Every line of the data below is to be duplicated exactly, pictures excepted.

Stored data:
§ §

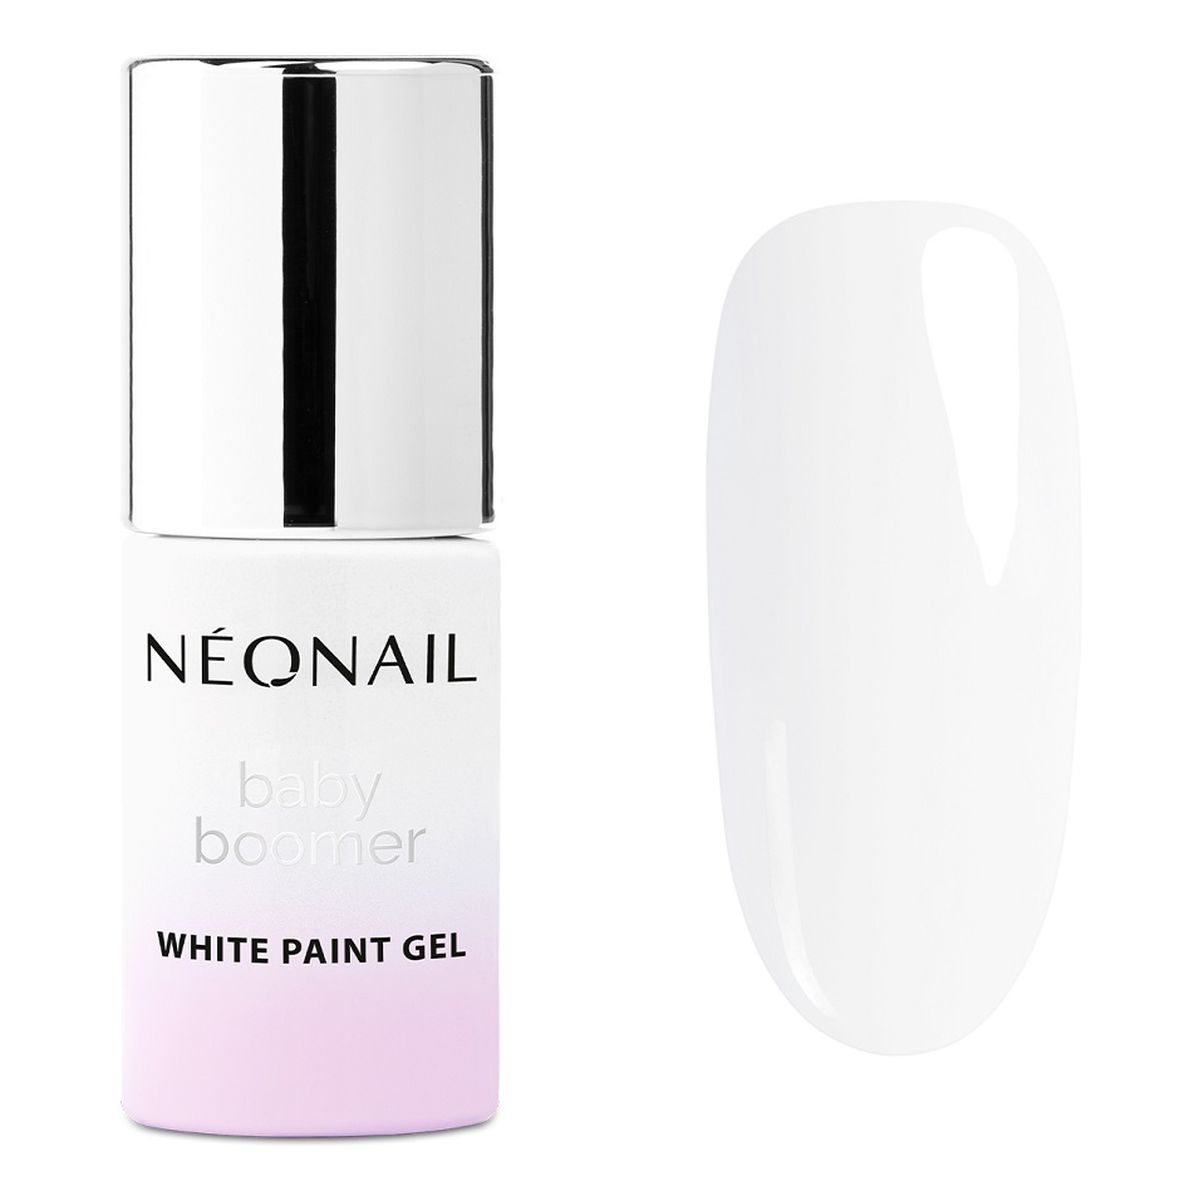 NeoNail Baby Boomer White Paint Gel biały Żel do zdobień 6.5ml
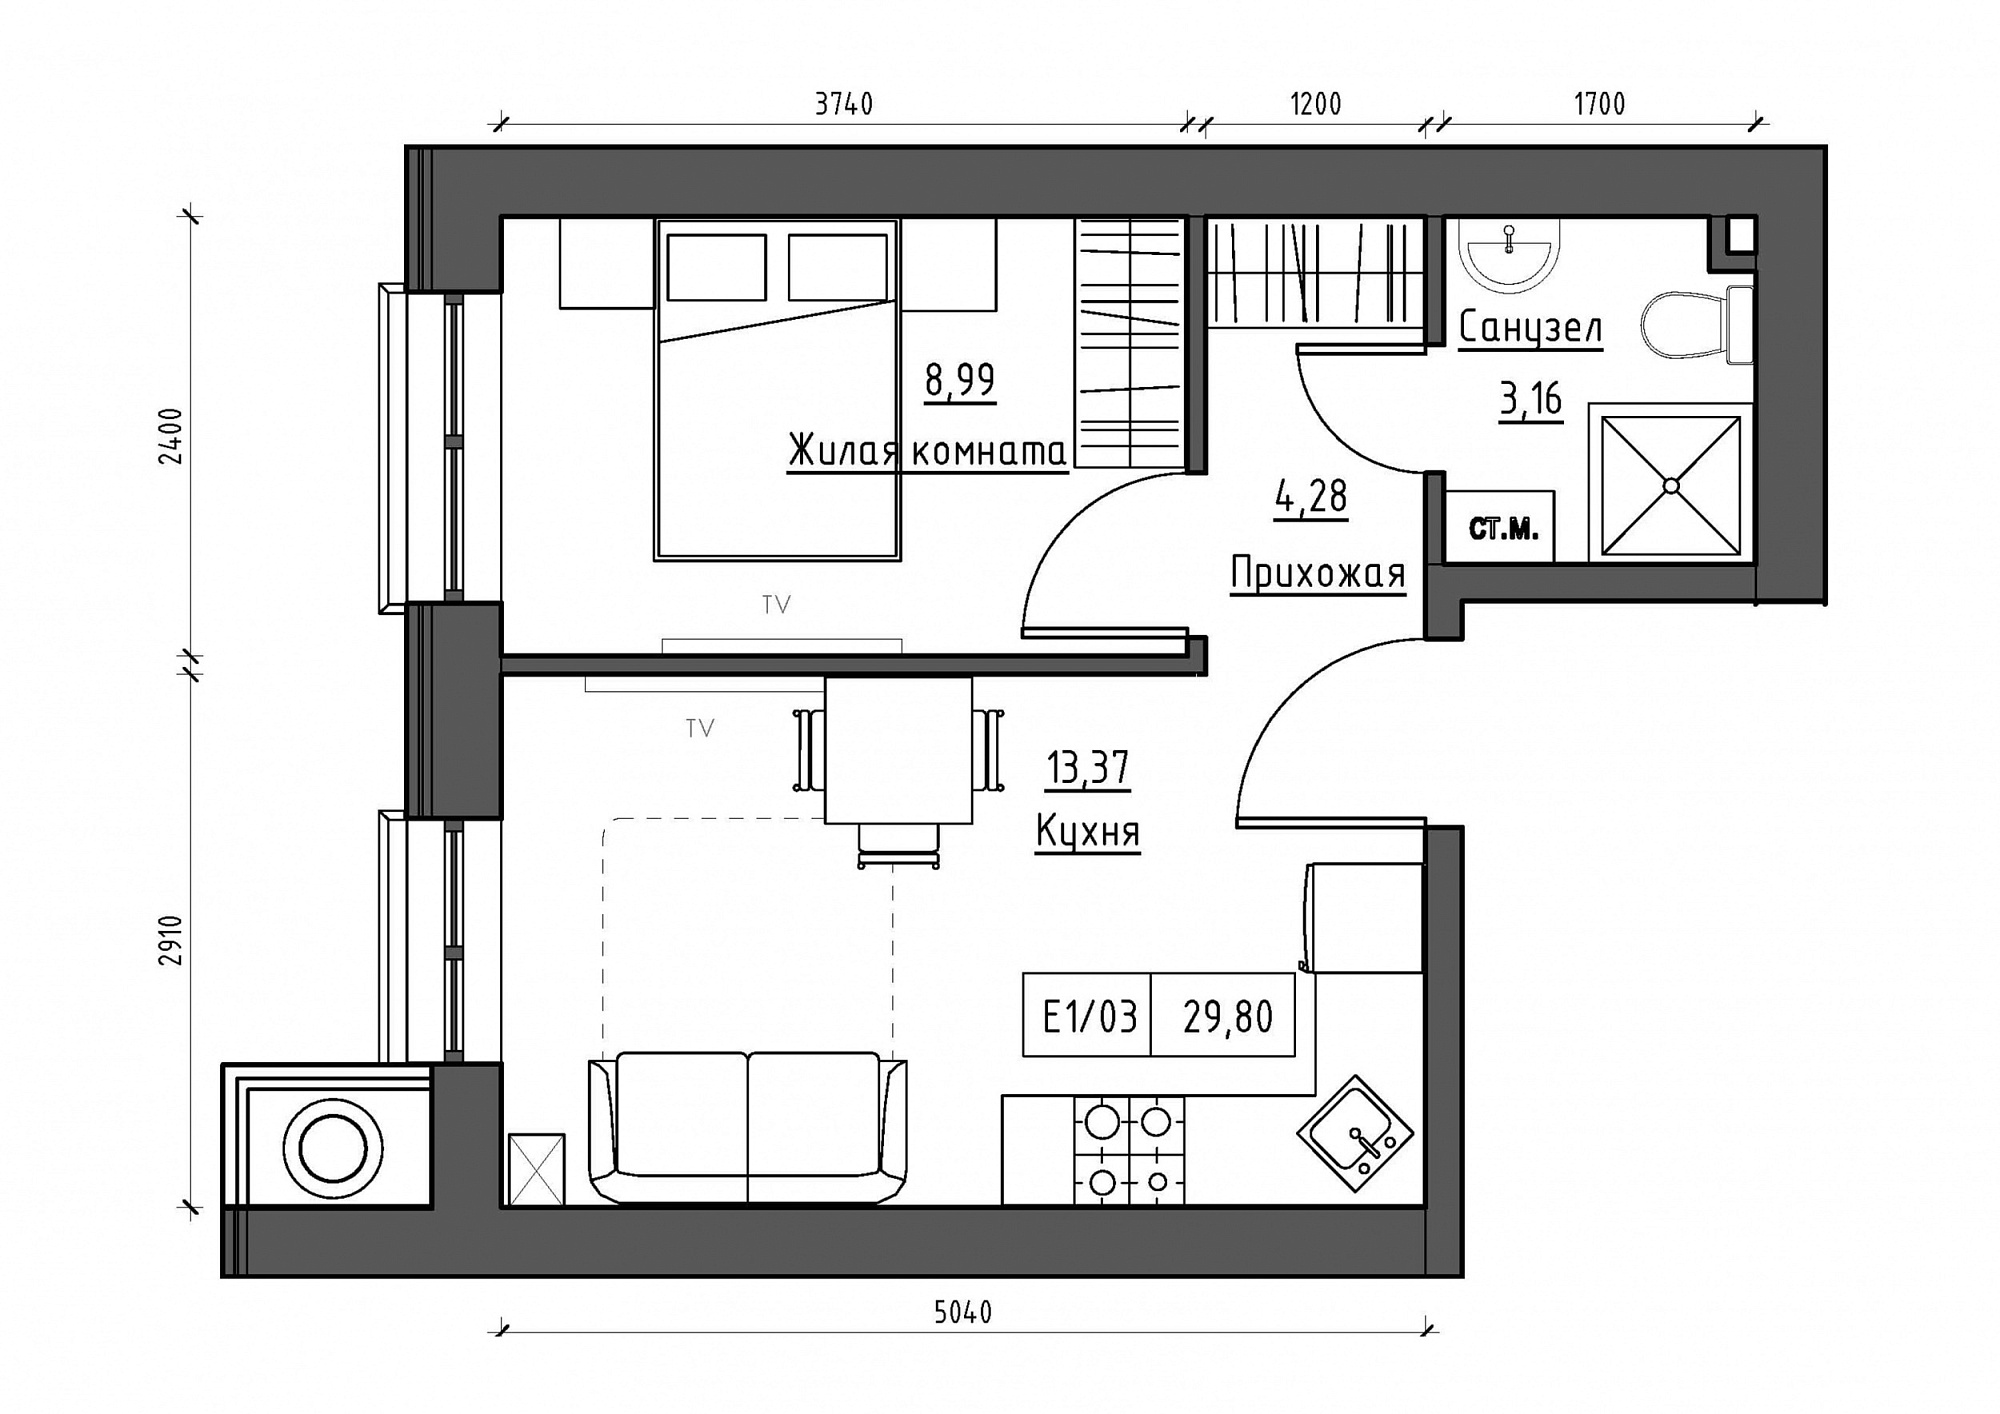 Планування 1-к квартира площею 29.8м2, KS-011-01/0003.
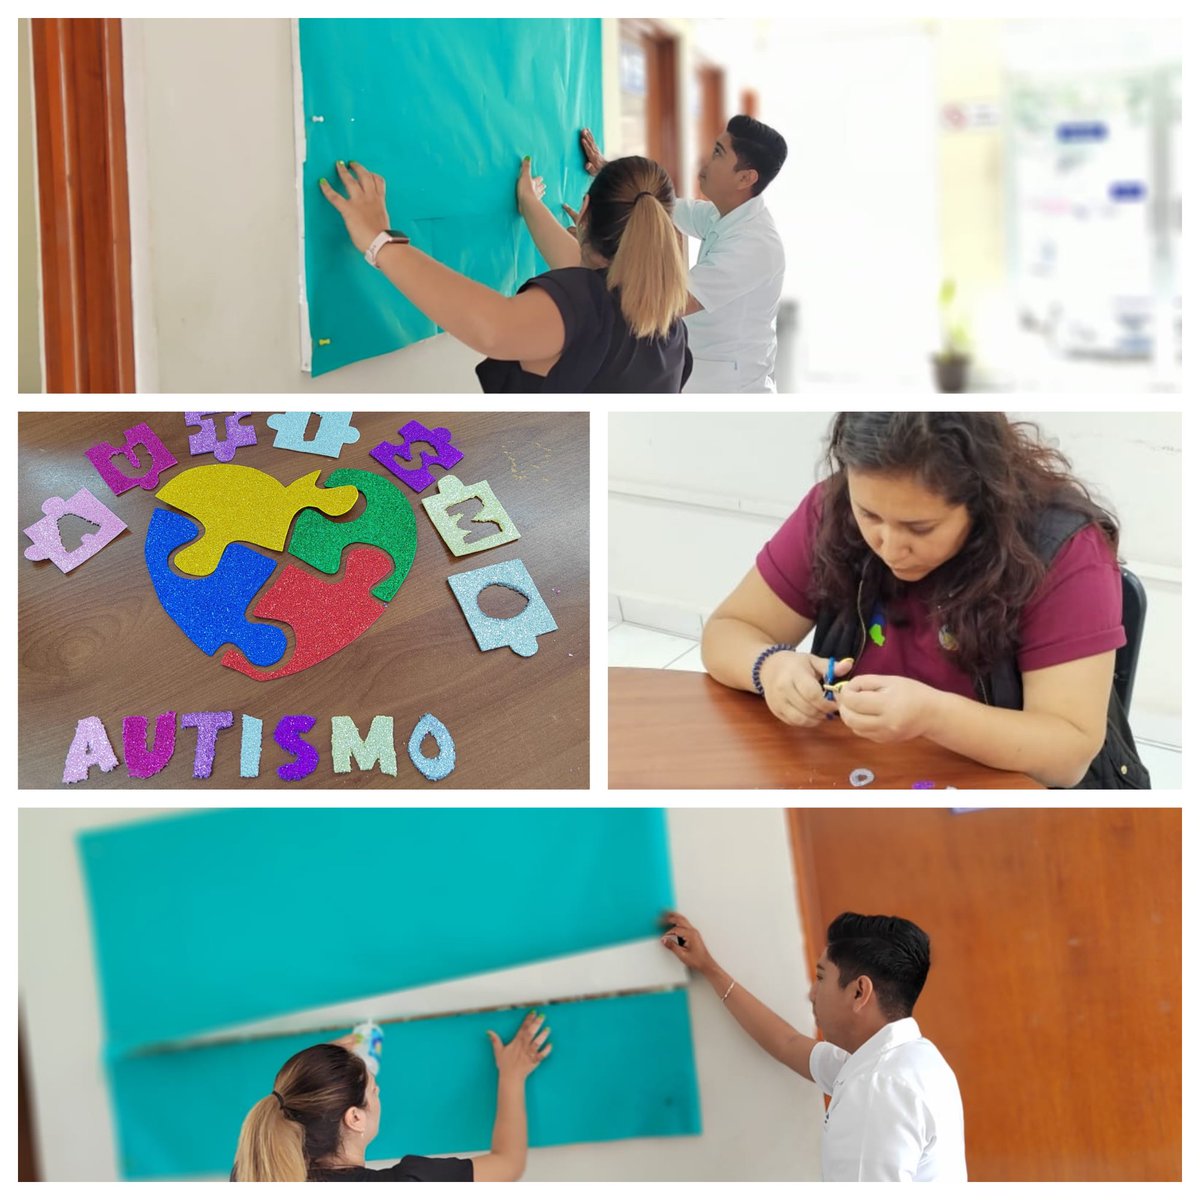 Elaboración de periódico mural en conmemoración del “Día Mundial de la Concientización sobre el AUTISMO”
#CEPTCA #EstamosTransformando #TransformandoJuntos #Sinaloa #UNEMECAPA #Adicciones #LineadelaVida #Prevención
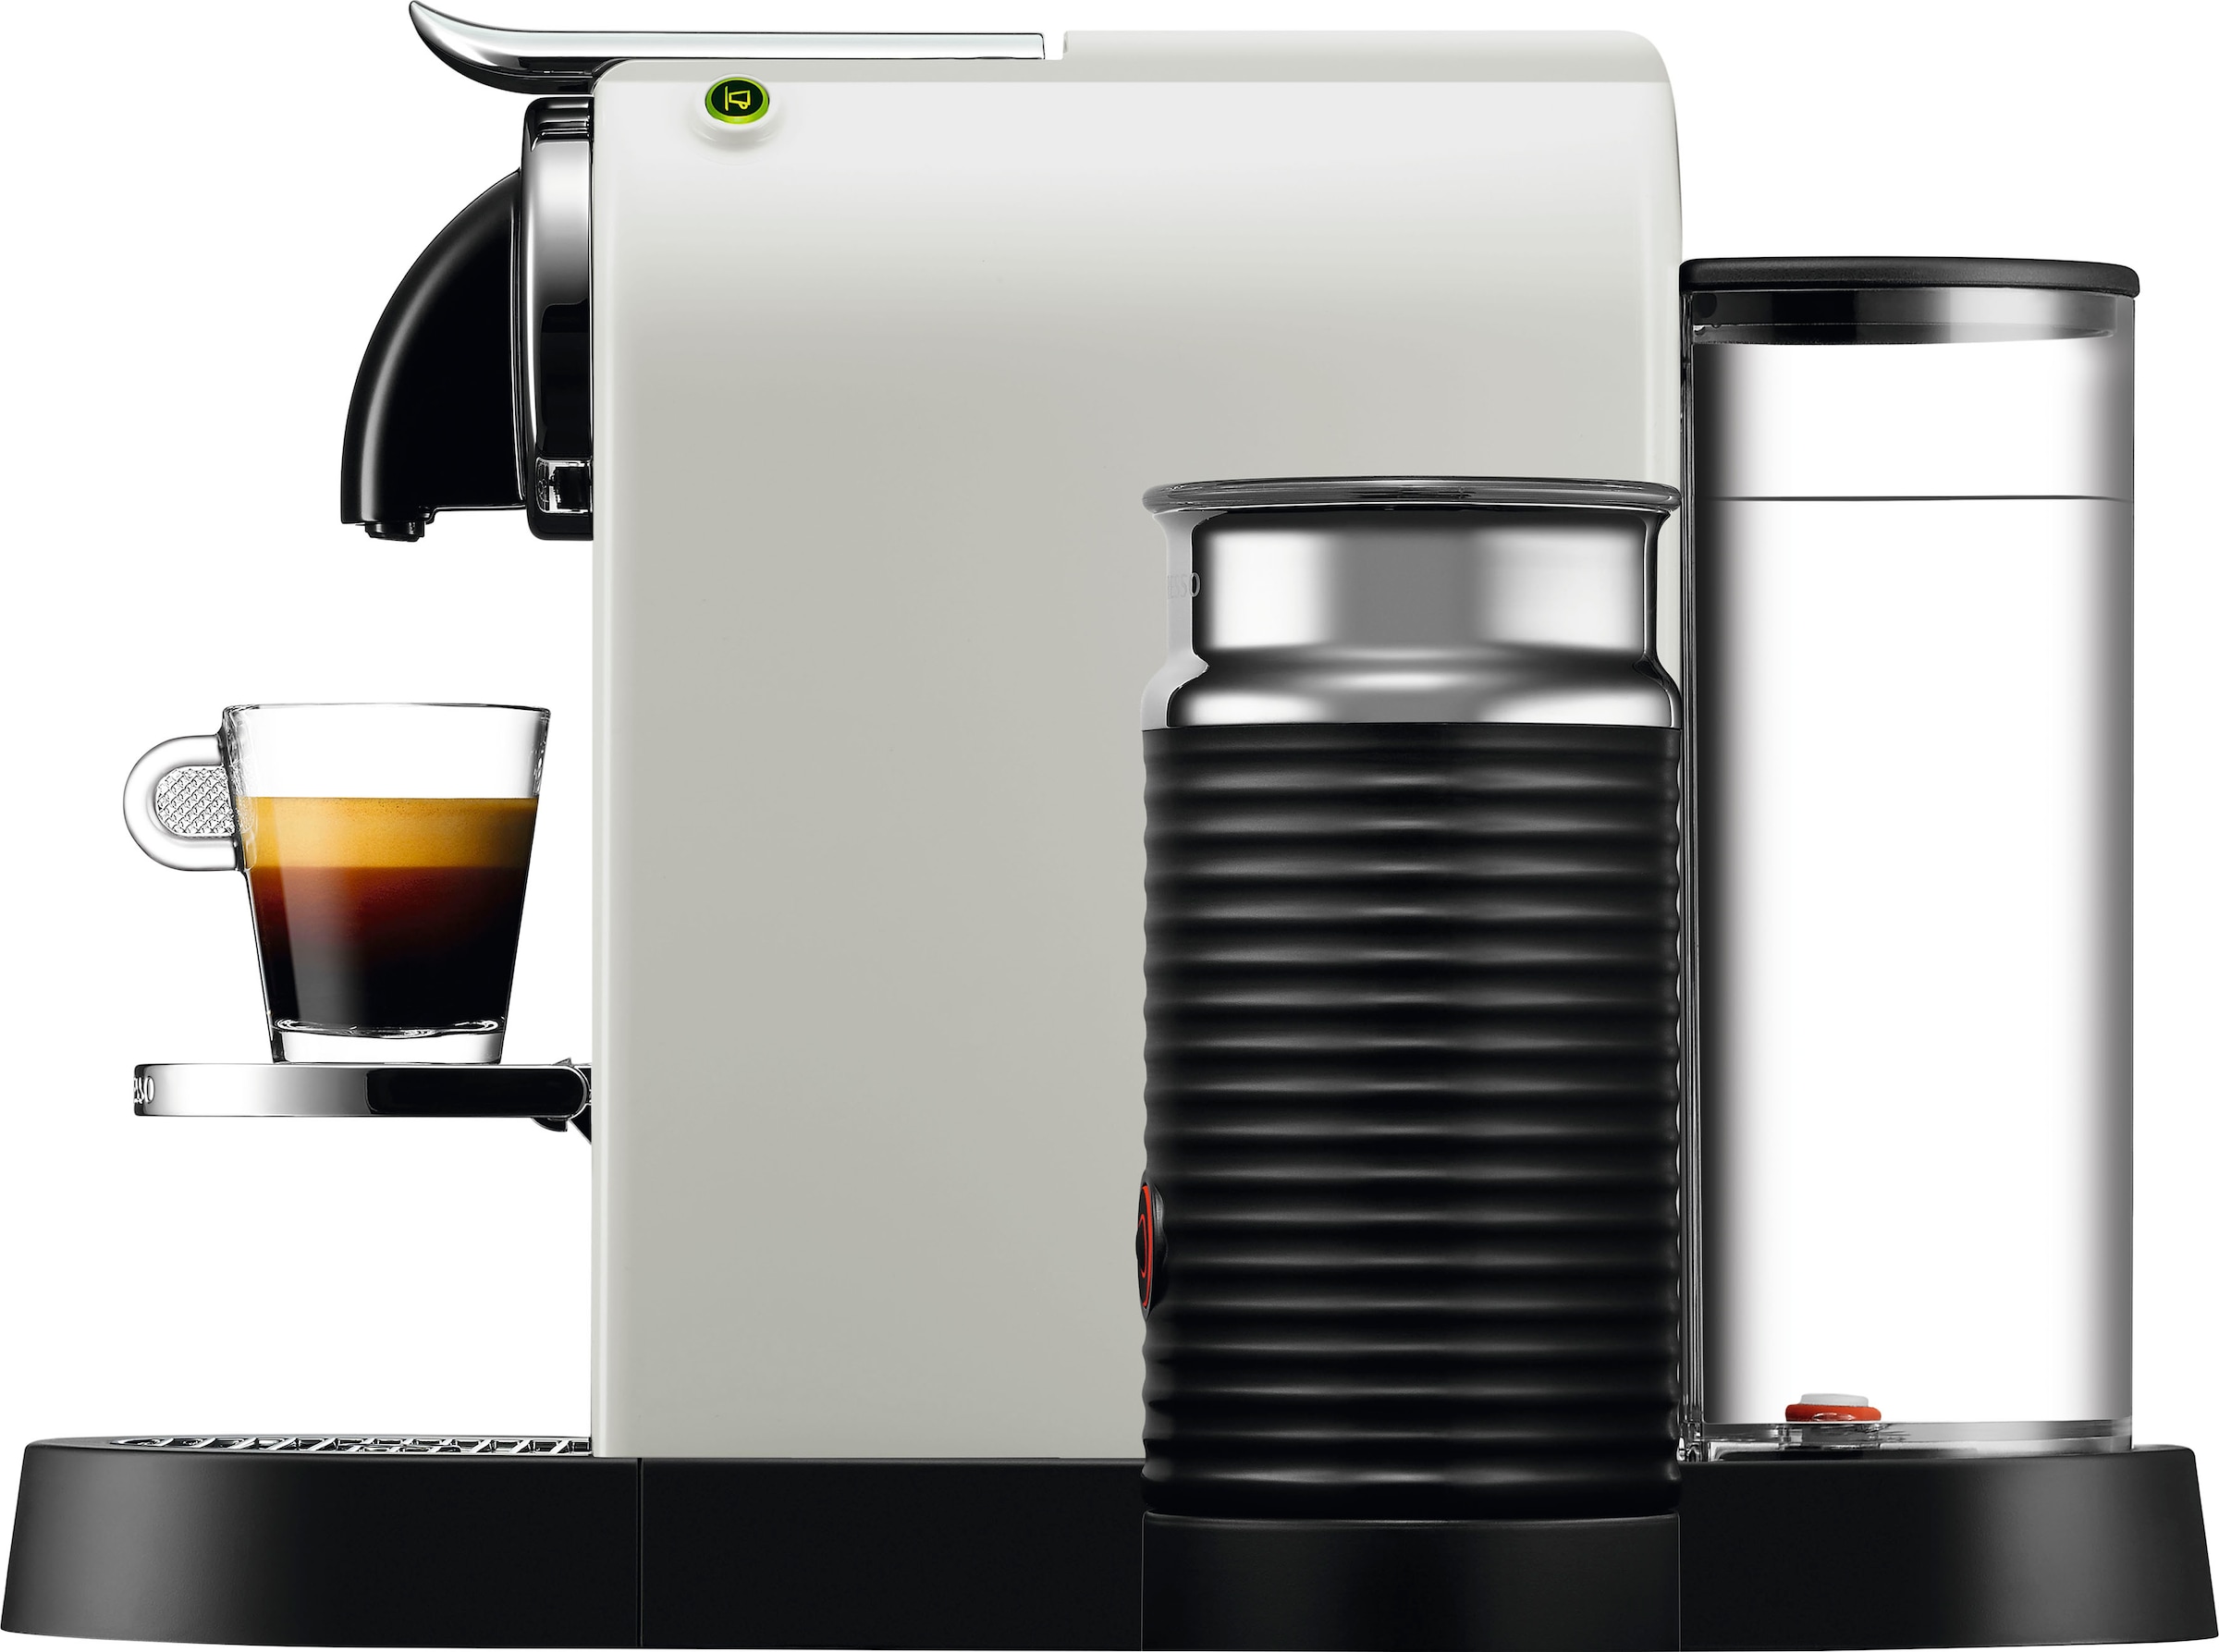 Nespresso Kapselmaschine »CITIZ EN 267.WAE von DeLonghi, White«, inkl. Aeroccino Milchaufschäumer, Willkommenspaket mit 7 Kapseln

§ §

● RESULT
 NeoNail Baby Boomer White Paint Gel biały Żel do zdobień 6.5ml
 Планування 1-к квартира площею 29.8м2, KS-011-01/0003.
 Elaboración de periódico mural en conmemoración del “Día Mundial de la Concientización sobre el AUTISMO”
#CEPTCA #EstamosTransformando #TransformandoJuntos #Sinaloa #UNEMECAPA #Adicciones #LineadelaVida #Prevención
 Nespresso Kapselmaschine »CITIZ EN 267.WAE von DeLonghi, White«, inkl. Aeroccino Milchaufschäumer, Willkommenspaket mit 7 Kapseln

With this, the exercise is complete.